WHAT TO DO
Beginning with the line containing "Interface UR501 plank" and ending with the line containing "Iran. Azerbaijan region.", write out each line of the records below exactly; pictures and lines outside that range are left out.

DATA SHOWN
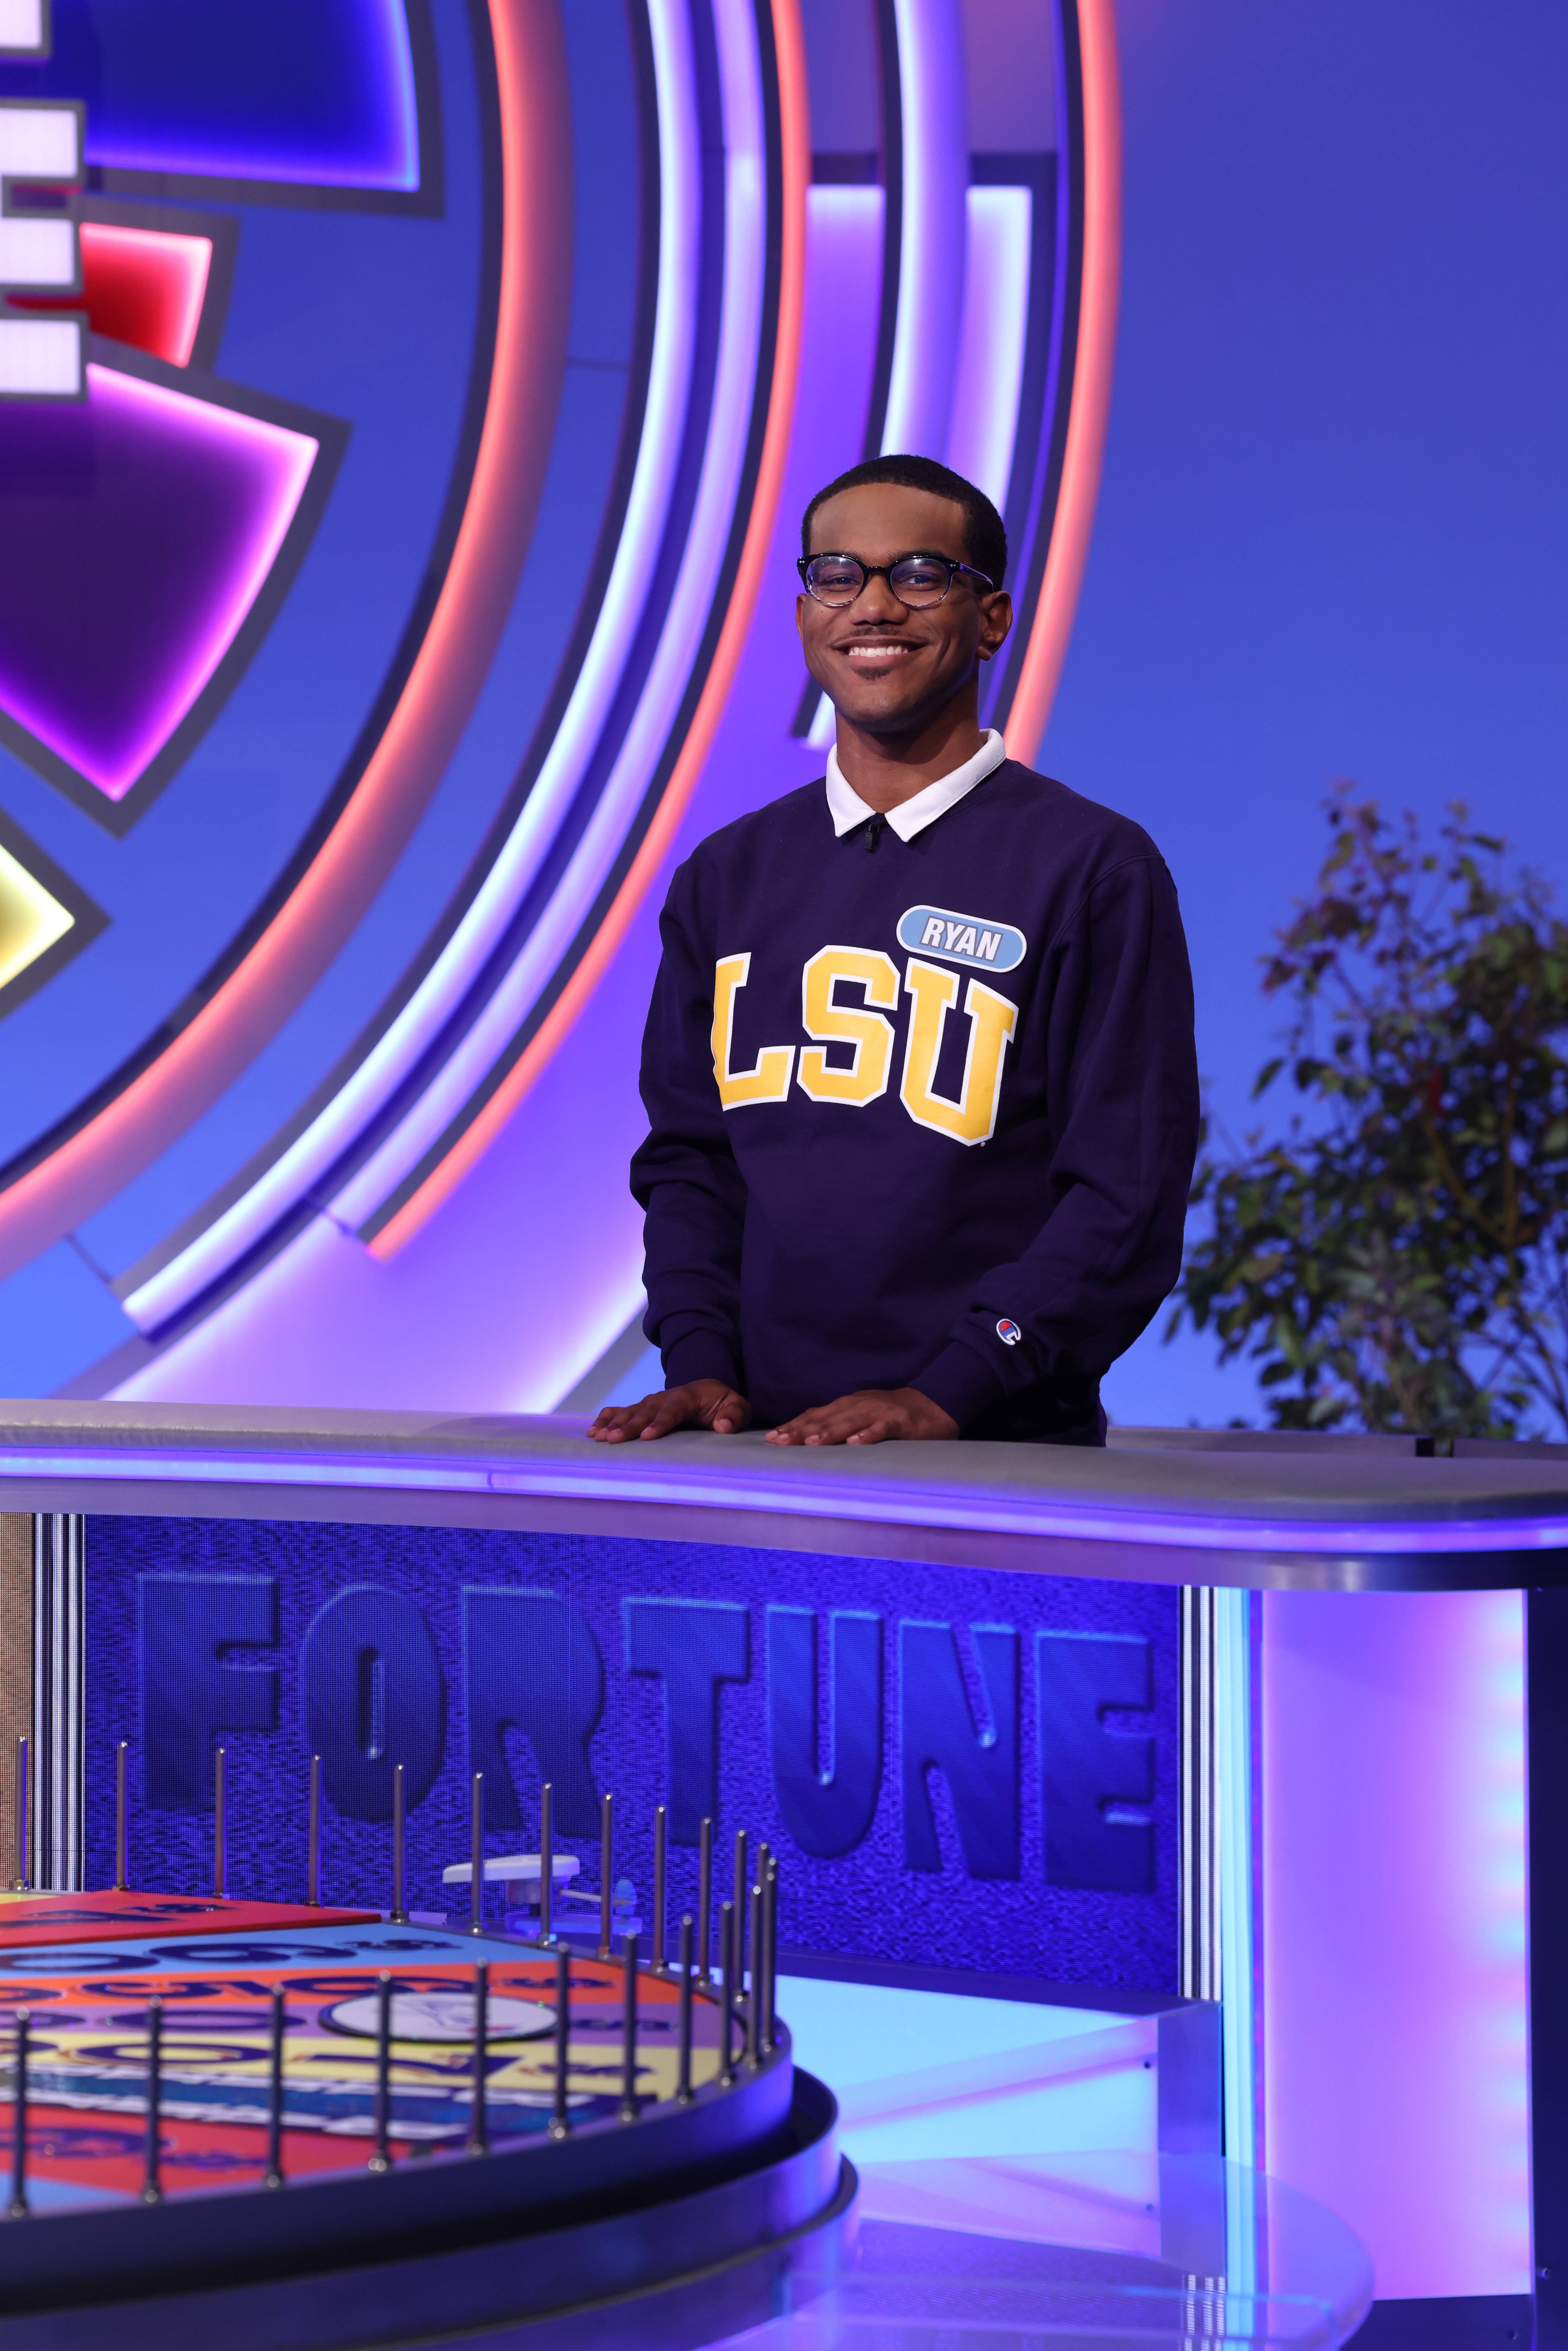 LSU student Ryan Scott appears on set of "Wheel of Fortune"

---

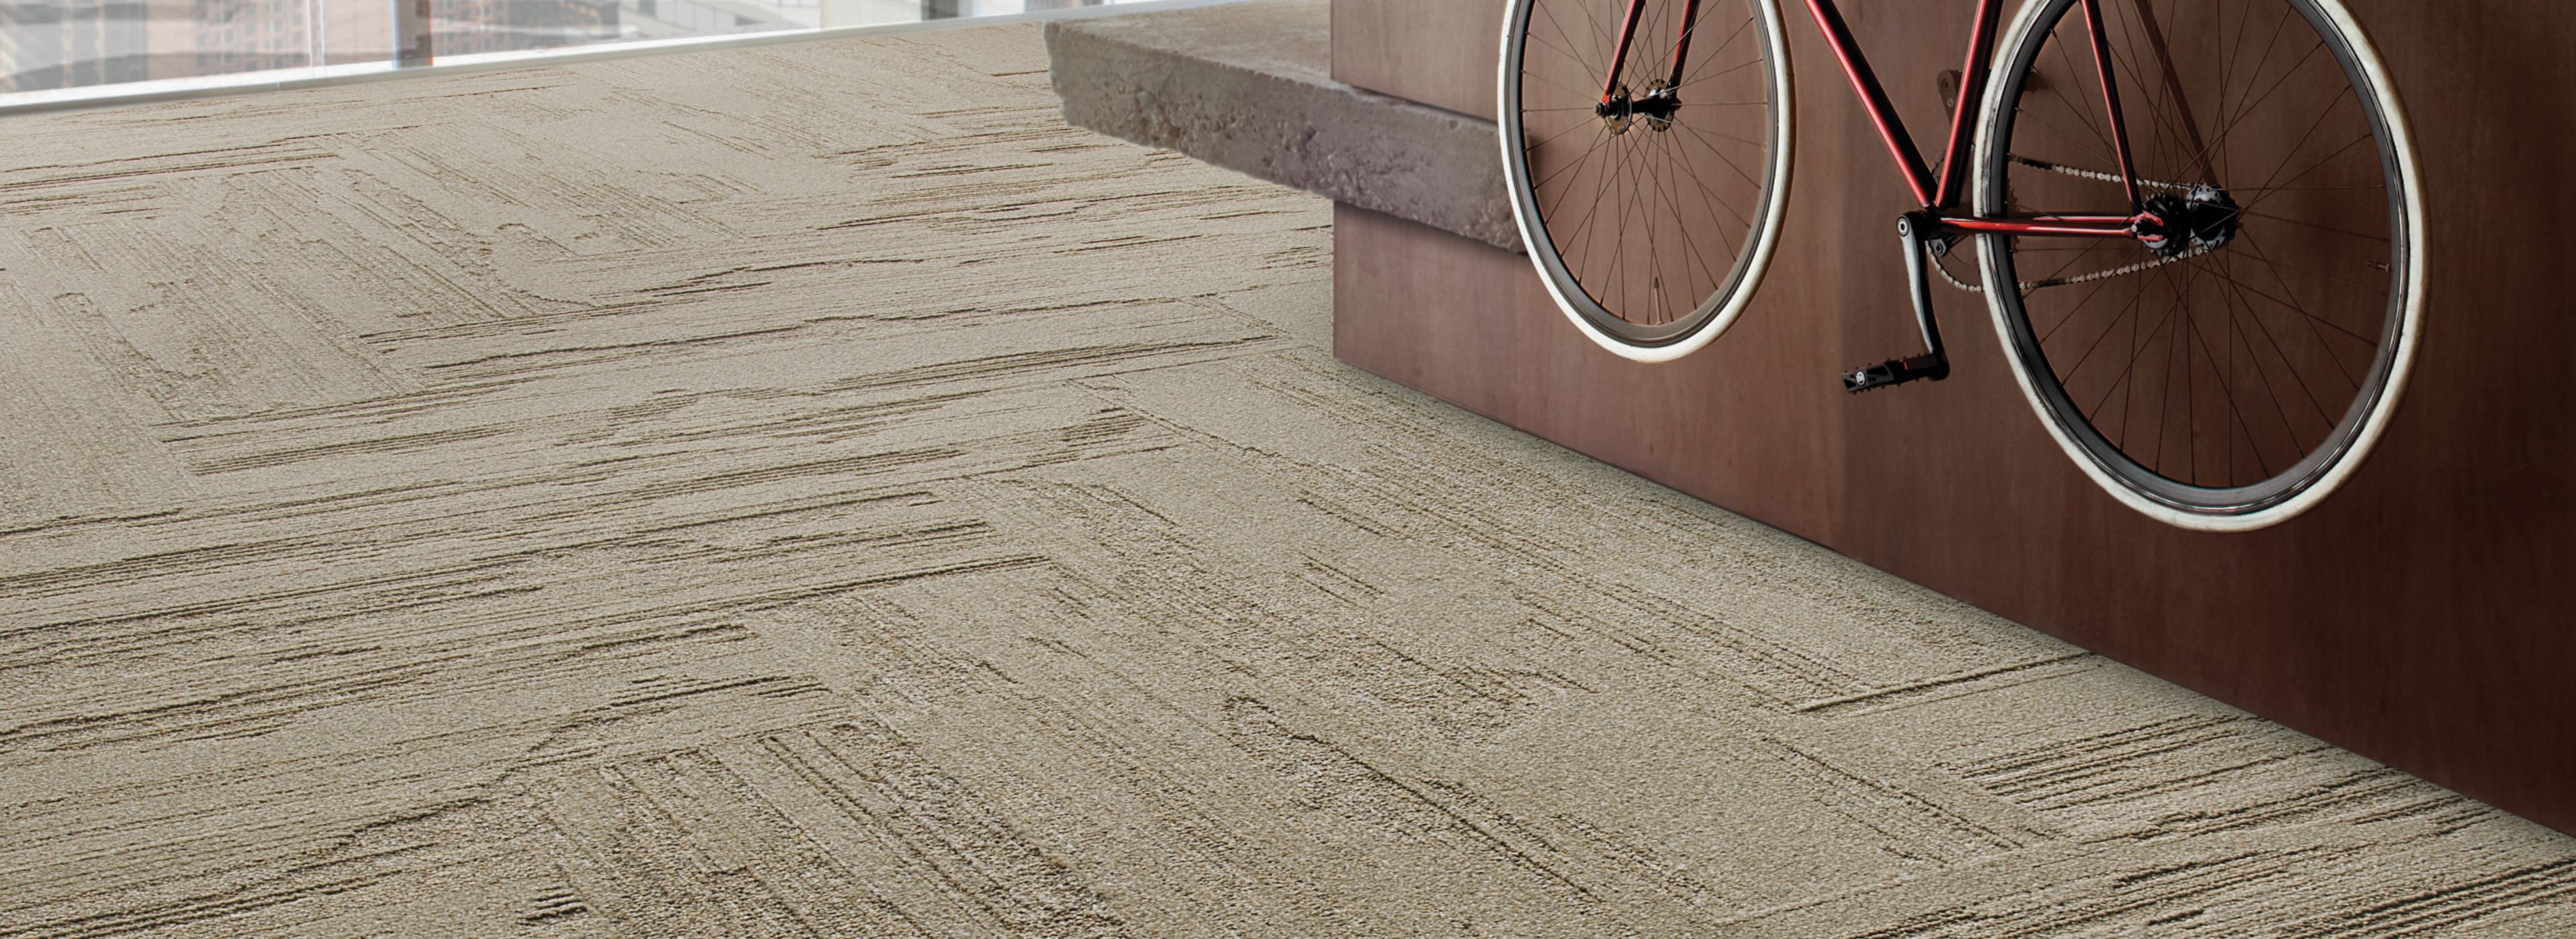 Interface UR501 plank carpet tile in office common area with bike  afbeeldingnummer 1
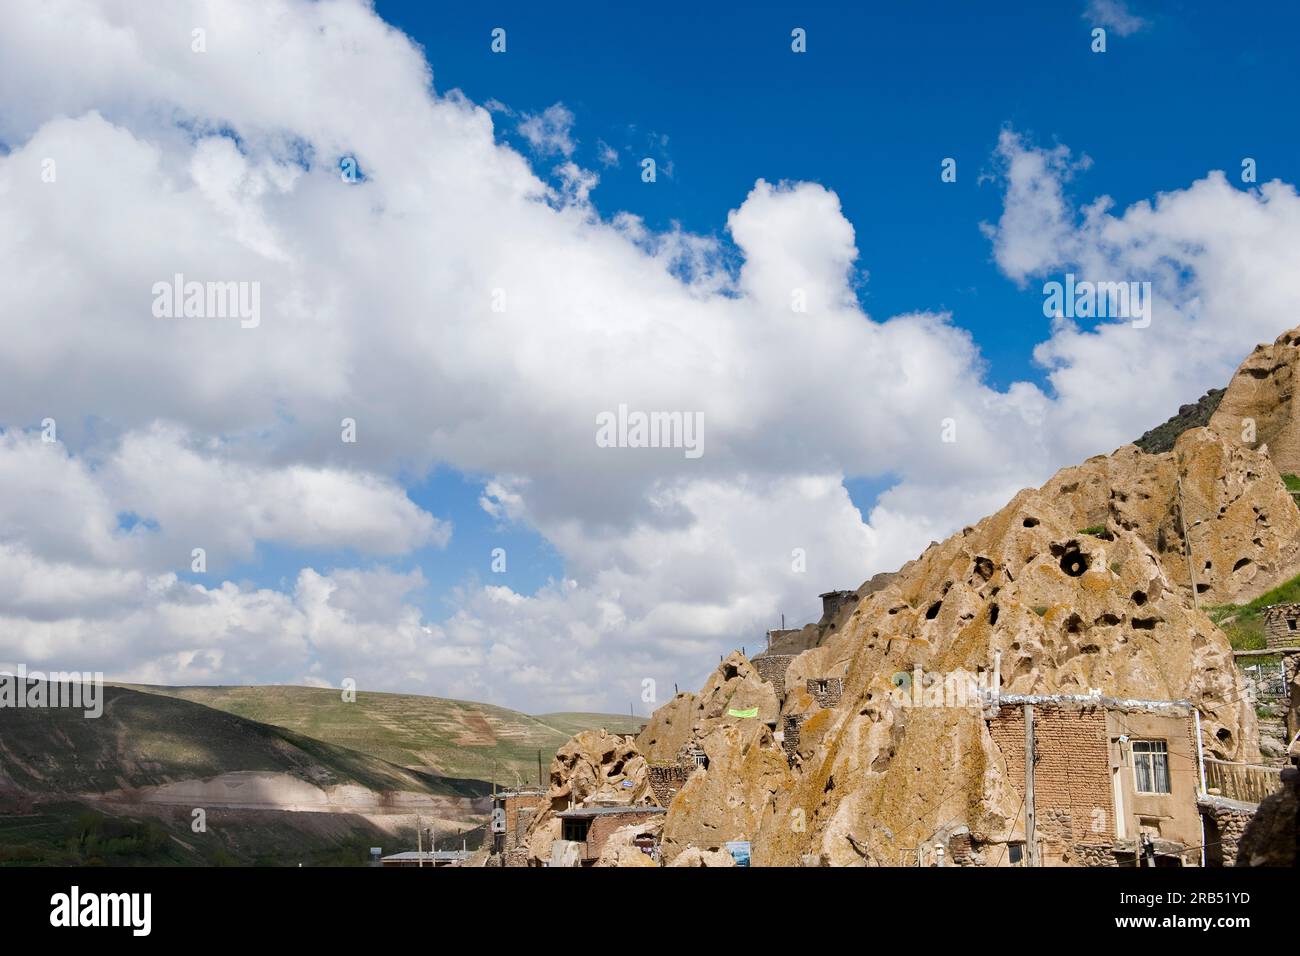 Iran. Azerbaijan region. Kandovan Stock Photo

RESPONSE
 Interface UR501 plank carpet tile in office common area with bike  afbeeldingnummer 1
 Iran. Azerbaijan region. Kandovan Stock Photo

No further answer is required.